The method is applicable to a photolithographic array or a spotted array or a simple oligo array. The question [is] where do we provide [the] most enablement. Also, realize that with those arrays there’s a huge cost difference as well. With the arrays that are expensive, they put a lot of work in designing a good platform, a good assay. With some of the spotted arrays, you have a cost difference of a hundred, a thousand times. So what it really comes down to is, yes, our method is applicable, [but] what is the precision, sensitivity, reproducibility we will achieve with platforms? … On the regular spotted arrays, the improvement we provide could be a factor of ten less than in well-designed, very standardized arrays, or the high-quality spotted arrays.
So what other improvements are you developing?

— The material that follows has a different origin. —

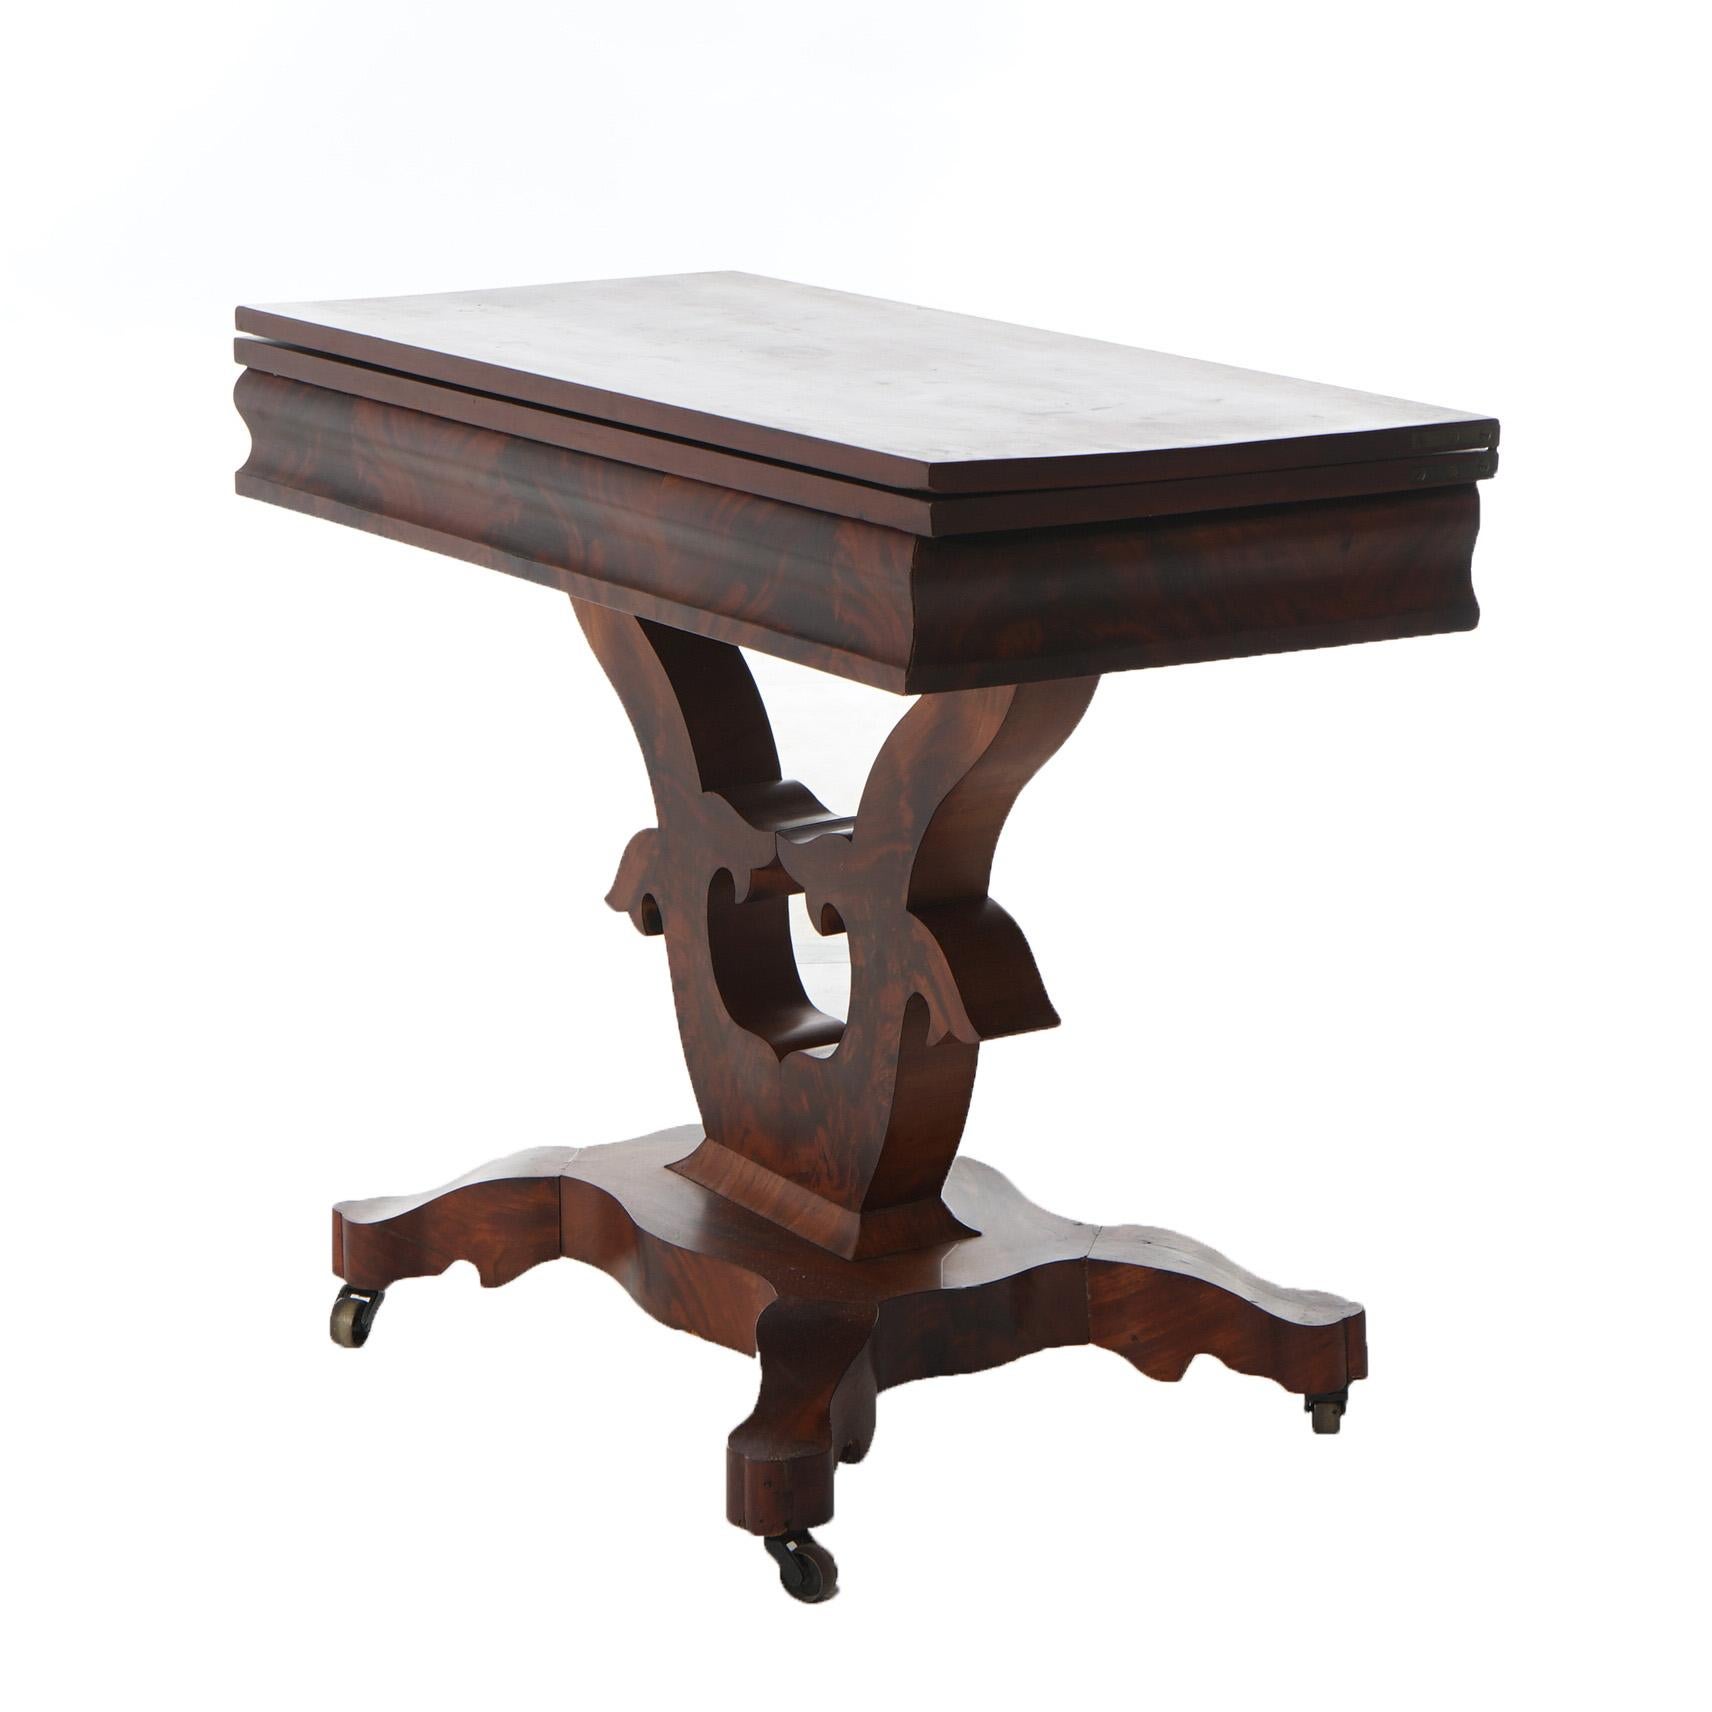 Antique American Empire Neoclassical Greco Flame Mahogany Card Table C1840 For Sale 3

The real interesting thing we are right now doing with microarrays is turning microarrays into a quantitative platform. People have been using quantitative platforms to really validate microarrays. So what we are now looking at [are] some pretty extensive studies where we can directly go from microarray expression and fold changes done by [this] method and be able to relate them to a number of TaqMan cycles once you see them … so that if you were doing 100 microarrays, and you only end up doing TaqMan for 5 genes, and you compare with a calibration curve, you would actually get quantitative response across the entire range of the chip itself.
So people won’t have to do TaqMan validations on every result …
We think that will lead to a lot of time and money savings. So most of my current studies are focused on developing high-precision curves which will essentially produce information that people can directly compare with what they’re getting off TaqMan. That’s one area. The second is looking at a better technique for essentially generating biomarkers. … [This] is a methodology which basically is able to generate one or more biomarkers in samples. So you can kind of segment it out and say, you have these seven biomarkers which, each of them are five, ten 20, 30 genes, and these are quantitative expression levels. So you [are] able to auto-generate robust biomarkers based on empirical samples. I think these two things will help in the adoption of microarrays.